誰も知らないのハレルヤのレビュー・感想・評価

誰も知らない(2004年製作の映画)
4.0
公開当時柳楽優弥の名演技がカンヌ国際映画祭で評価され、大きな話題を集めたこの作品。

4人の子供が母親に置き去りにされるという1988年に東京で本当にあった事件がモチーフになっています。

とにかく柳楽優弥のデビュー作と思えないほどの演技力に釘付けでした。彼が演じる明は初めは長男として妹と弟たちの世話を一手に担い、不在になりがちな母親の代わりを懸命に務めていました。

しかし次第に母親は全く帰ってこない。お金も底をつく。電気も水道も止められる。学校にも行けない。そんな劣悪な状況に追い詰められていく姿が強く響いてきます。特に叫んだり、暴れたりしなくても、何かを強く訴えかける彼の目力が全てを表しているようでした。そりゃカンヌで主演男優賞取れるわけだわ。

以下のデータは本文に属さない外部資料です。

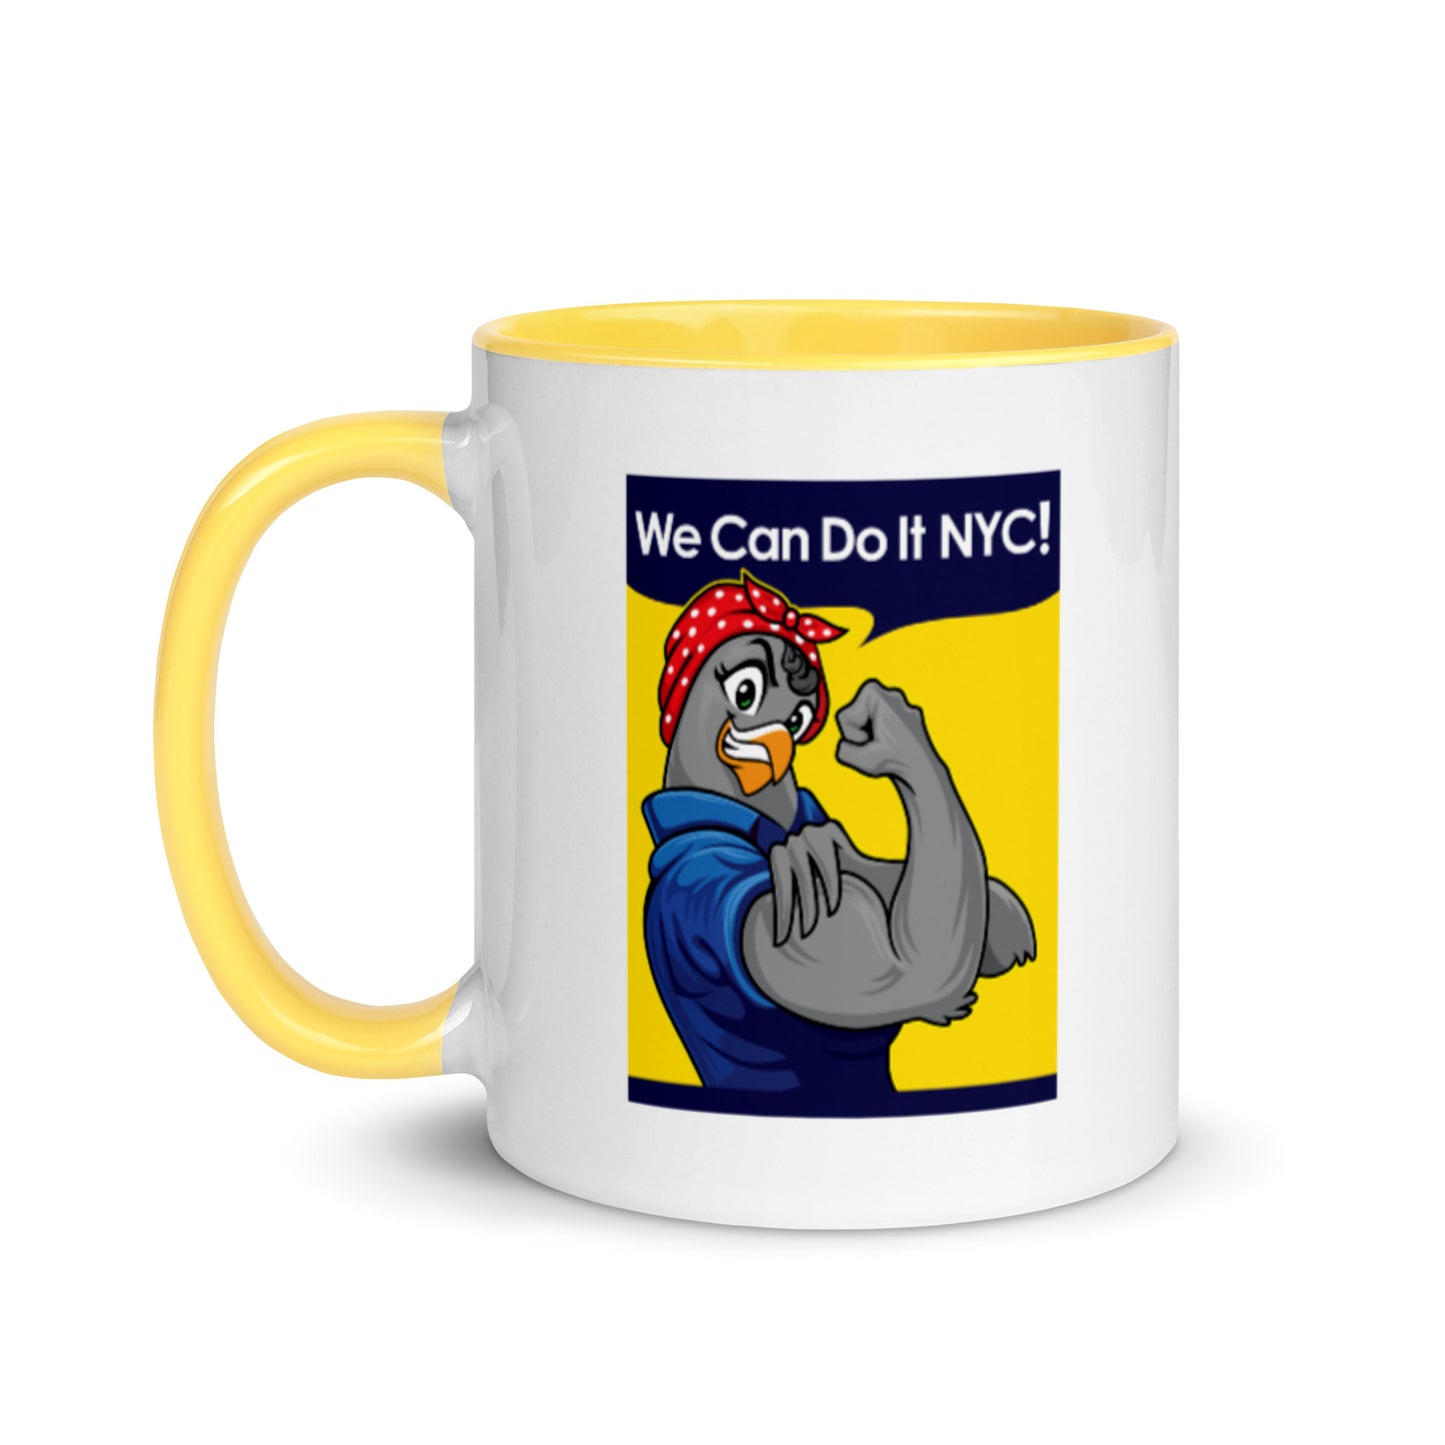 We Can Do it NYC! / Coffee Mug
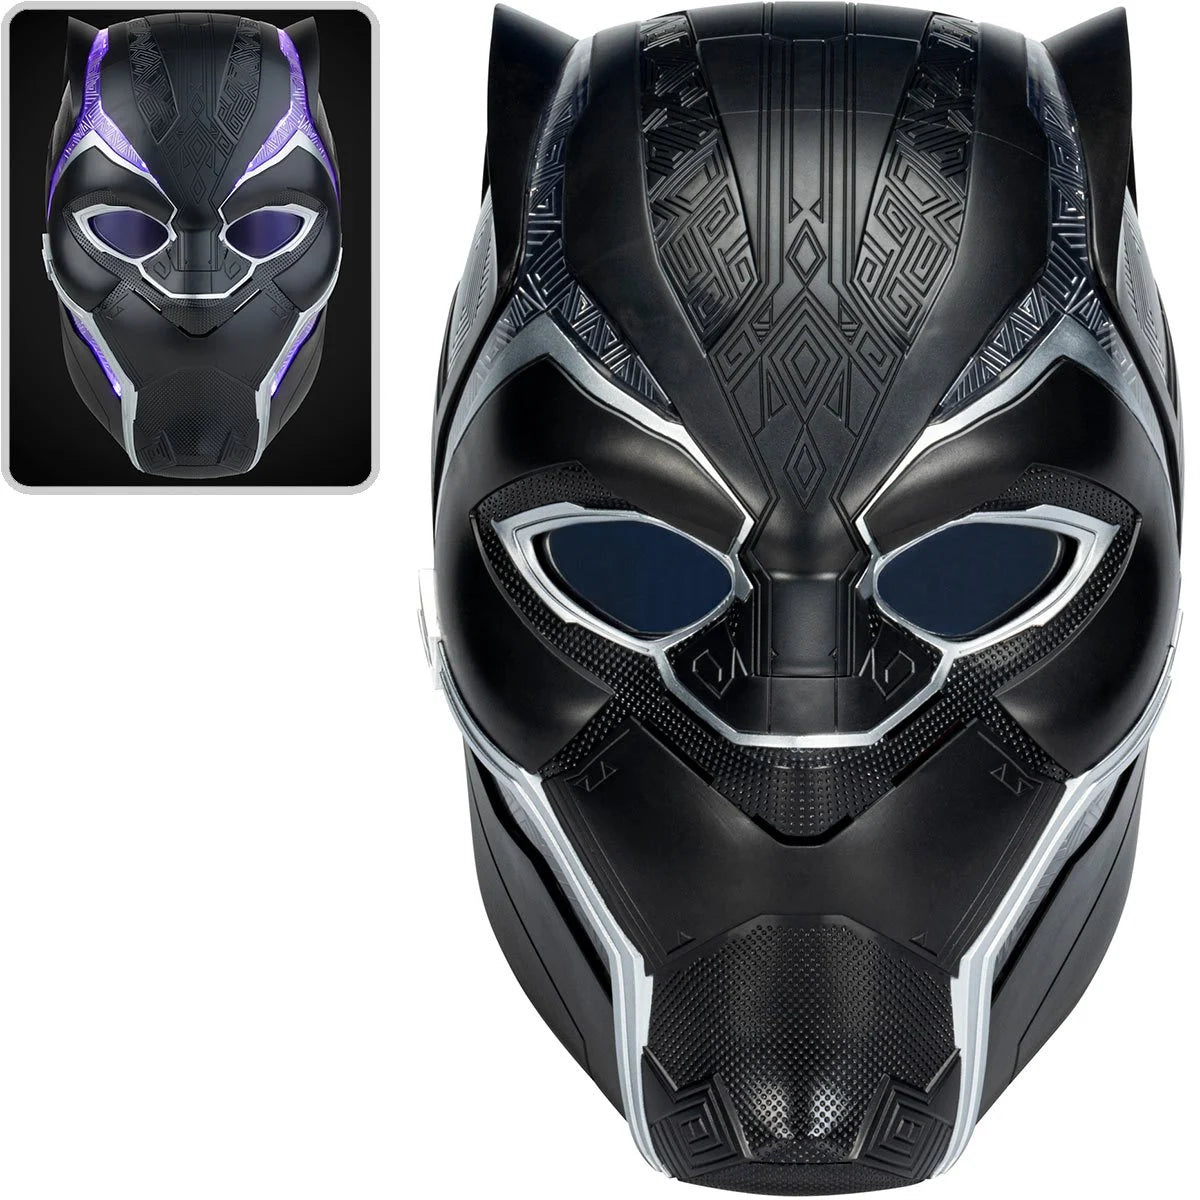 Marvel Legends Series Black Panther Helmet

映画の中盤までは、それほど悲壮感がなく、子供たちの無邪気さが前に出ている感じでしたが、後半から徐々に滲み出てくる現実の壁。そして終盤の悲劇へと繋がっていく流れは是枝監督の見事な腕前。

そして厳しい現状だけじゃなく、それを束の間忘れさせてくれる友達との遊びや少年野球などの演出も、対比の効果が凄く効いていましたね。

劇中はあくまで親がいない子供たちの生活に焦点を当てていて、あまり余計な要素は加えていないところが、この映画の主題を明確に示していたと思います。

そしてこの映画の大人たち。母親が最悪なのは勿論の事ですが、他にも一応の支援をしてくれたコンビニ店員。異様な実態を目にしていた大屋さん。こういった人たちも薄々は気付いていたはずなのに、誰も本当の助けの手を差し伸べなかった事に対しても、社会のあり方を問いかけているように思えました。

脇にも平泉成、遠藤憲一、キム兄、寺島進、加瀬亮という豪華な顔ぶれが揃っているのも、この映画の見所の1つ。映画としてしっかり見せながら、深いテーマを投げ掛ける見応えのある作品です。